A Japanese Language Model and Three New Evaluation Benchmarks for Pharmaceutical NLP
- URL: http://arxiv.org/abs/2505.16661v1
- Date: Thu, 22 May 2025 13:27:37 GMT
- Title: A Japanese Language Model and Three New Evaluation Benchmarks for Pharmaceutical NLP
- Authors: Issey Sukeda, Takuro Fujii, Kosei Buma, Shunsuke Sasaki, Shinnosuke Ono,
- Abstract summary: We present a Japanese domain-specific language model for the pharmaceutical field, developed through continual pretraining on 2 billion Japanese pharmaceutical tokens and 8 billion English biomedical tokens.<n>We introduce three new benchmarks: YakugakuQA, based on national pharmacist licensing exams; NayoseQA, which tests cross-lingual synonym and terminology normalization; and SogoCheck, a novel task designed to assess consistency reasoning between paired statements.
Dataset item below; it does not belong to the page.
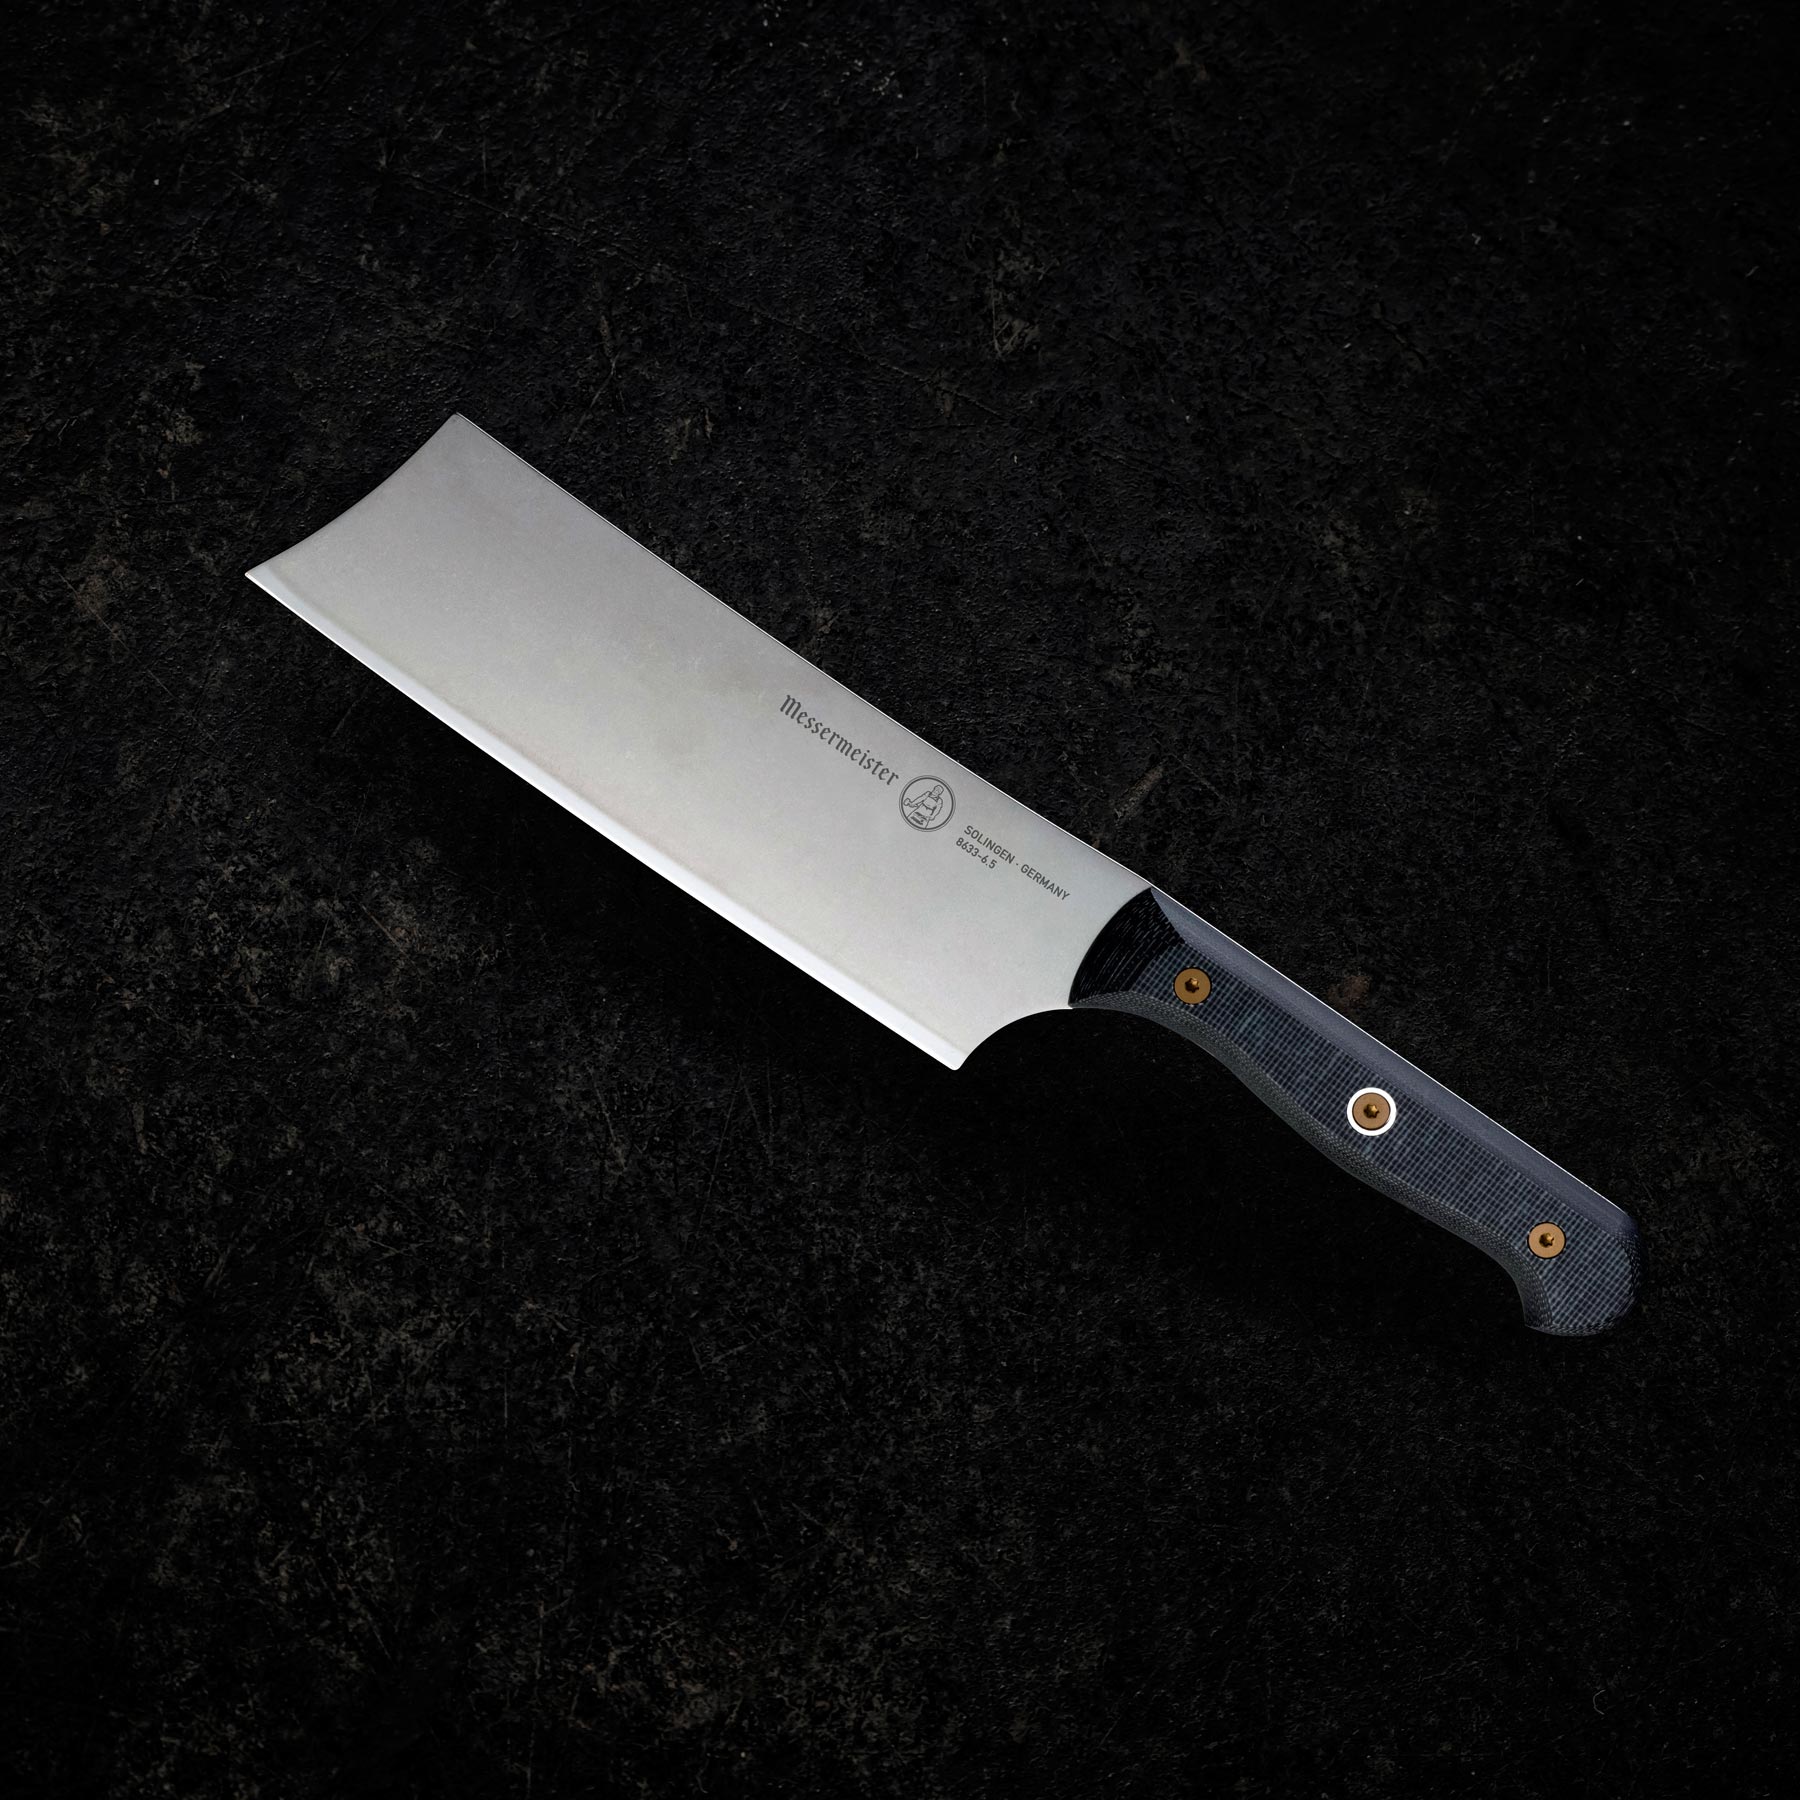 Ceramic Knife Review 2022

- Score: 0.6990493129893112
- License: http://creativecommons.org/licenses/by-nc-sa/4.0/
- Abstract: We present a Japanese domain-specific language model for the pharmaceutical field, developed through continual pretraining on 2 billion Japanese pharmaceutical tokens and 8 billion English biomedical tokens. To enable rigorous evaluation, we introduce three new benchmarks: YakugakuQA, based on national pharmacist licensing exams; NayoseQA, which tests cross-lingual synonym and terminology normalization; and SogoCheck, a novel task designed to assess consistency reasoning between paired statements. We evaluate our model against both open-source medical LLMs and commercial models, including GPT-4o. Results show that our domain-specific model outperforms existing open models and achieves competitive performance with commercial ones, particularly on terminology-heavy and knowledge-based tasks. Interestingly, even GPT-4o performs poorly on SogoCheck, suggesting that cross-sentence consistency reasoning remains an open challenge. Our benchmark suite offers a broader diagnostic lens for pharmaceutical NLP, covering factual recall, lexical variation, and logical consistency. This work demonstrates the feasibility of building practical, secure, and cost-effective language models for Japanese domain-specific applications, and provides reusable evaluation resources for future research in pharmaceutical and healthcare NLP. Our model, codes, and datasets are released at https://github.com/EQUES-Inc/pharma-LLM-eval.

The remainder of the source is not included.